Happy Death Day (2017)

A very contemporary film to kick off part two, Happy Death Day is essentially Groundhog Day, but with more murder. Jessica Rothe’s ‘Tree’ Gelbman wakes up on her birthday and goes about her usual college routine – bitchy sorority meetings, affairs with college professors, ignoring calls from her father and going out to parties – until she’s suddenly, randomly murdered, and is forced to replay the same day over and over again. While nothing Oscar worthy, Happy Death Day is a fun little flick for people who want to get into horror, but may be put off by the various frights and gory details, instead focusing on (admittedly cliché) character progression in an enjoyable mish-mash of genres. Although the time-loop is never explained, the evolution of ‘Tree’ is entertaining enough that next year’s sequel will probably bring in the crowds.

Scare Rating: 1/5
Gore Rating: 1/5

 

The Man Who Could Cheat Death (1959)

Taking things back to the era of Hammer horror, The Man Who Could Cheat Death feels like a far cry from films like Happy Death Day and The Conjuring. Classic acting styles, camerawork and narrative flow pervade the film, making it a nice palate cleanser moving forward. The film follows Anton Driffing’s Dr.
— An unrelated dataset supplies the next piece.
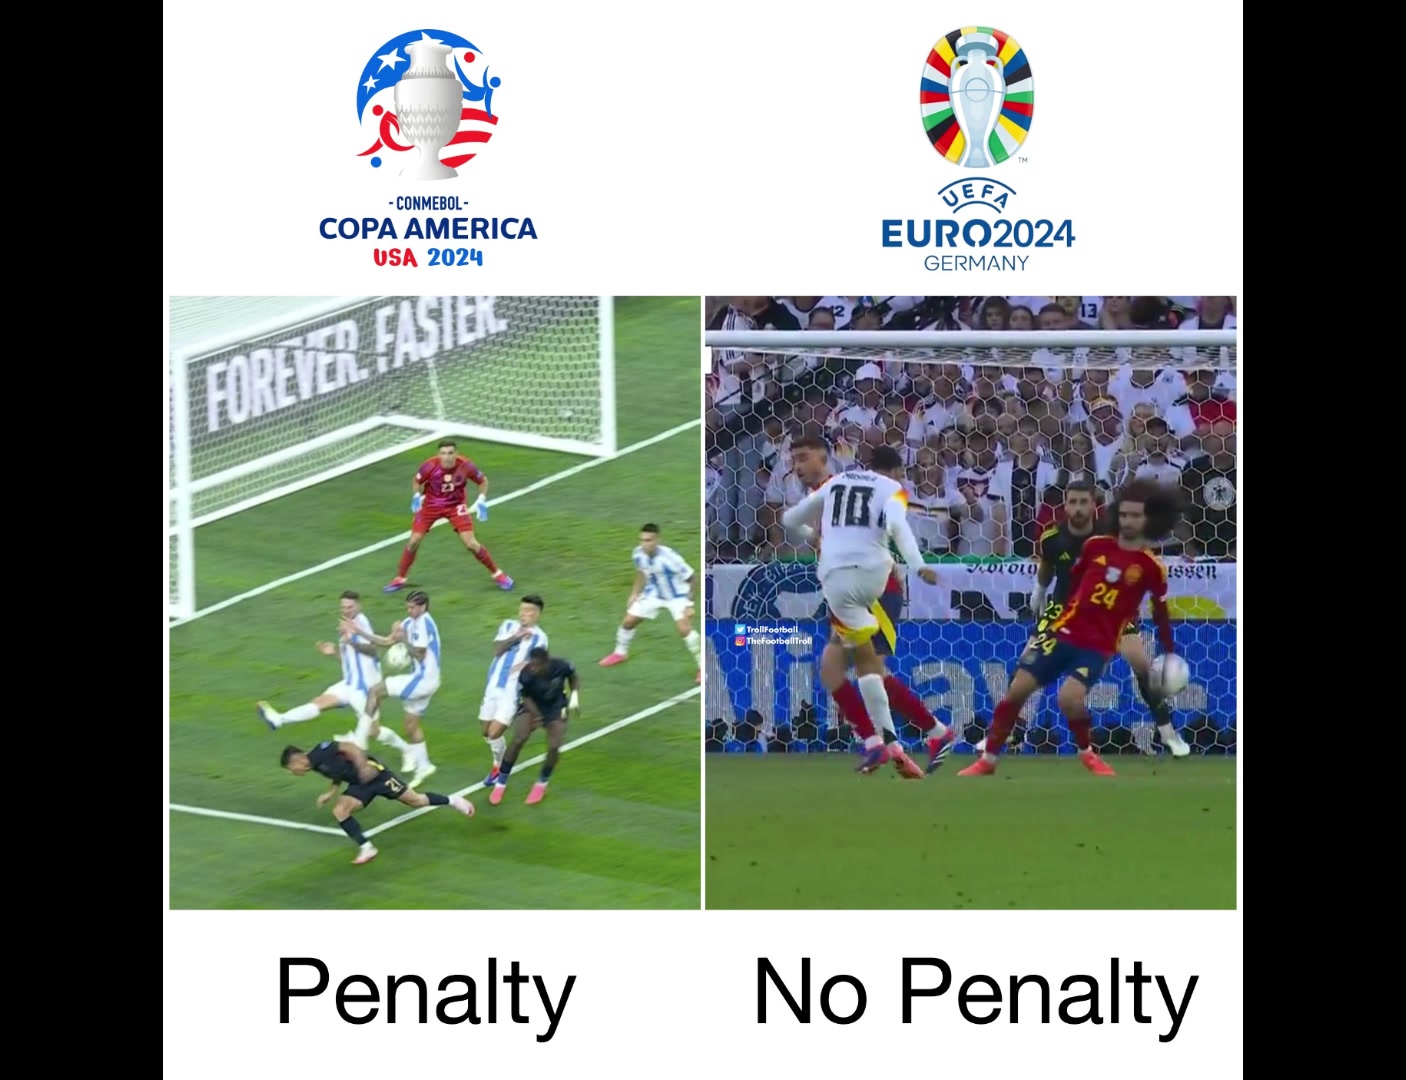 国外博主对比欧洲杯和美洲杯的判罚区别：德保罗手球给点和库库手球不给点

Bonnet, a man, as the title suggests, who has found a way to cheat death. Unfortunately, this process can often be deadly for those around him, spelling danger for Christopher Lee’s Dr. Gerard and his girlfriend Janine. The film is so much more romantic than the horrors you see in modern cinema, and it’s interesting to see how social norms have changed so vastly as documented in these classic films. Also interesting is the special effects, which while they may be mocked by today’s standards, look pretty impressive for a film that came out over half a century ago.

Scare Rating: 1/5
Gore Rating: 1/5

 

The Conjuring (2013)

More James Wan, this time with a focus on the supposed real-life exploits of paranormal investigators Ed and Lorraine Warren. A fictionalised documentation of a case that they had initially deemed too horrifying to reveal, the story sees Ed and Lorraine called to a newly bought farmhouse in Rhode Island, in 1971, where dark forces seek revenge on the new occupants of the house for ‘taking their land’. Patrick Wilson and his on-screen wife Vera Farmiga give some great performances amongst some genuinely scary moments, making The Conjuring a strong start to a new ongoing horror franchise.

Scare Rating: 3/5
Gore Rating: 2/5

 

Flatliners (1990)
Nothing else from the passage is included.